The House Judiciary Committee today held the first hearing on the Equal Rights Amendment in 36 years. The ERA affirms that, “Women shall have equal rights in the United States and every place subject to its jurisdiction. Equality of rights under the law shall not be denied or abridged by the United States or by any State on account of sex.” If the ERA passes, the word “women” would appear in the Constitution for the first time in history.
During today’s hearing, the Committee specifically heard from witnesses — professors, actresses, and legislators —on whether Congress should lift the already passed expiration date to ratify the amendment, as outlined in H.J.Res.38. If passed, this legislation could lead to the successful end of the ERA’s 100-year journey. The amendment was first proposed in 1923 and re-written in 1943 by Alice Paul. Congress passed Paul’s version by the required two-thirds majority in 1972. However, only 35 states ratified the legislation by the extended 1982 deadline — falling three states short of what the Constitution requires.
Actress Patricia Arquette, who referenced the ERA in her 2015 Oscars’ acceptance speech, expressed an historical impatience for the passage of the ERA. “Women have been waiting 232 years for equality in this nation,” she said during her witness testimony.
A multigenerational crowd overflowed the hearing room, dressed largely in all white as a nod to the Suffragettes’ role in this long fight for gender equality. Their audible enthusiasm seemed to affirm Rep. Carolyn Maloney’s (D-N.Y.) suspicion that “the drumbeat of the Equal Rights Amendment has never been louder.”
In 2017, Nevada became the first state to ratify the ERA after its deadline. At the time, state senator Pat Spearman (D-Nev.) argued that the deadline was “irrelevant,” insisting that if the deadline had already shifted once — from 1979 to 1982 — what was stopping Congress from extending the timeline once more?

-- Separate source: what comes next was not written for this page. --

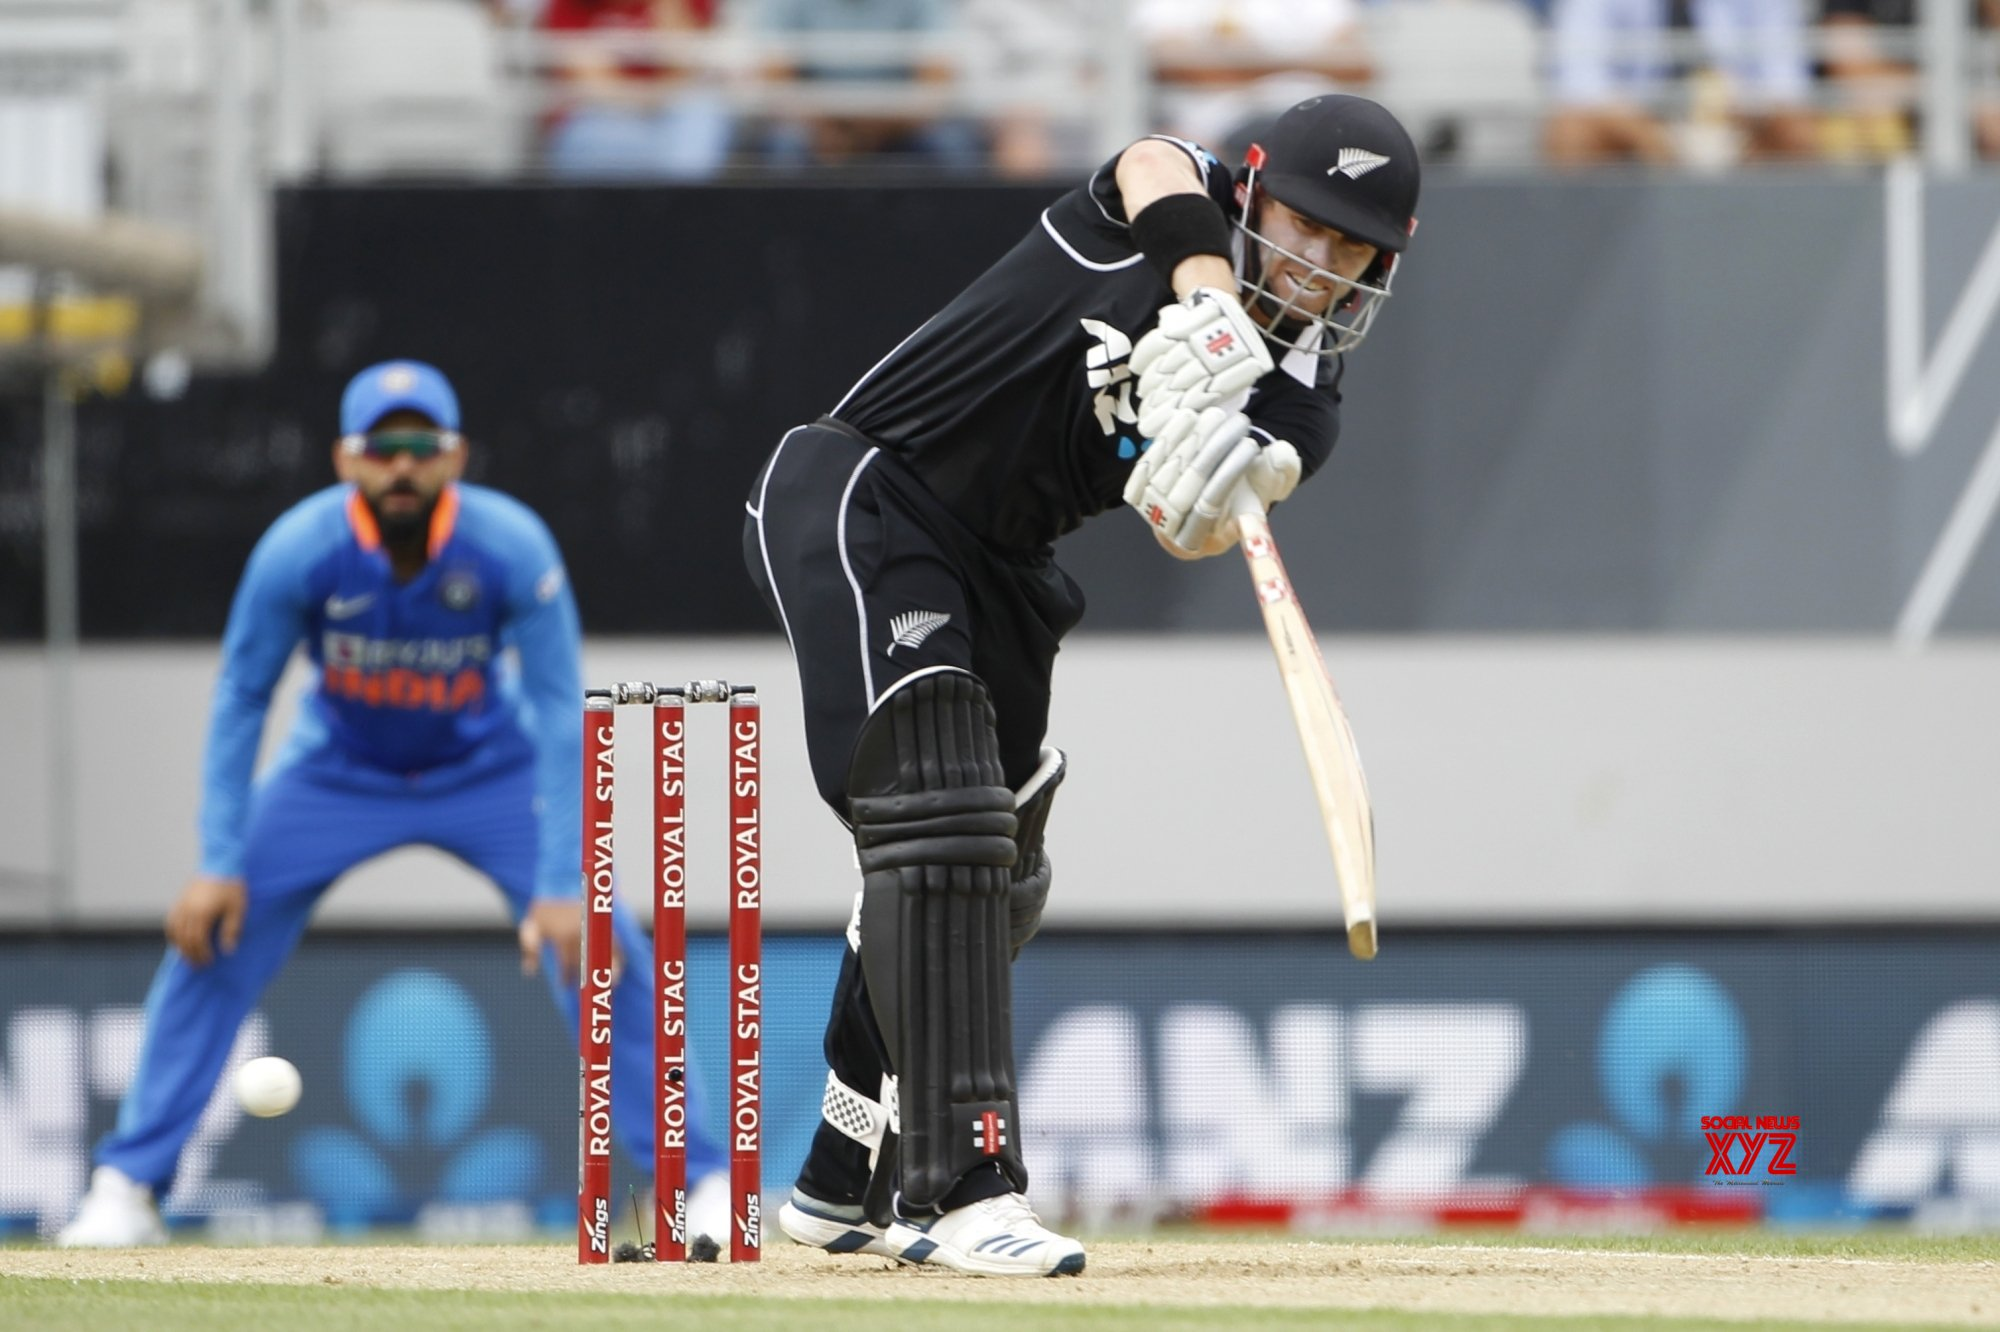 Auckland: 2nd ODI - India Vs New Zealand (Batch - 1) #Gallery

Those in opposition to the ERA expressed fear that the Equal Rights Amendment would both fortify and extend abortion rights, though the author of the legislation disputed this statement as divisive and distracting. Rep. Louie Gohmert (R-Texas) warned that the ERA might extend protections to transgender individuals, while other witnesses voiced excitement about this possibility.
Sen. Spearman, an ordained pastor who invoked scripture during her witness testimony, responded passionately to opposition against the ERA:
“I’d find it laughable if it weren’t so tragic: People who are born in privilege always debate whether those who were not deserve equality. What we are talking about here is the fact that equality is not debatable. We are born with it.”
While Spearman’s faith helps motivate her support of the ERA, Christians have historically played a key role in thwarting its ratification. In the ‘70s and early ‘80s, Phyllis Schlafly, a conservative Christian activist, emerged as the ERA’s most formidable opponent, spreading fear that it would encourage abortion, LGBTQ rights, and women in the military. She once referred to feminists as “a bunch of bitter women seeking a constitutional cure for their personal problems.”
What Schlafly characterized as personal problems, Arquette identifies as systemic problems that need a structural — and constitutional — solution. She compared the fight for gender equality in the U.S. to a high stakes game of Whac-A-Mole: Just as we stomp down one gender injustice, say shackling prisoners during childbirth, another gender injustice emerges: a back log of hundreds of thousands of rape kits, for instance. A constitutional amendment supporting gender equality, argued several of the witnesses, would give both federal and state governments the power to holistically rectify these patterns of discrimination.
With today’s hearing, the ERA has gained momentum on its pathway to implementation, though the road ahead is still unclear. If the House votes in favor of extending the deadline, the Senate would have to follow suit. And if H.J.Res.38 makes it through Congress, the Supreme Court would have to uphold a ratification process that required two deadline extensions. This debate extends back to our founding fathers and will likely continue.
In 1776, Abigail Adams wrote to her husband John Adams about his involvement with the Continental Congress: “By the way, in the new code of laws which I suppose it will be necessary for you to make, I desire you would remember the ladies and be more generous and favorable to them than your ancestors.”
Rep. Sylvia Garcia (D-Texas), one of the fist Latinas from Texas ever elected to the House, harkened back to this letter toward the end of the hearing: “Abigail Adams asked them to remember the ladies,” she said. “Obviously they did not, and that’s why we’re here today.”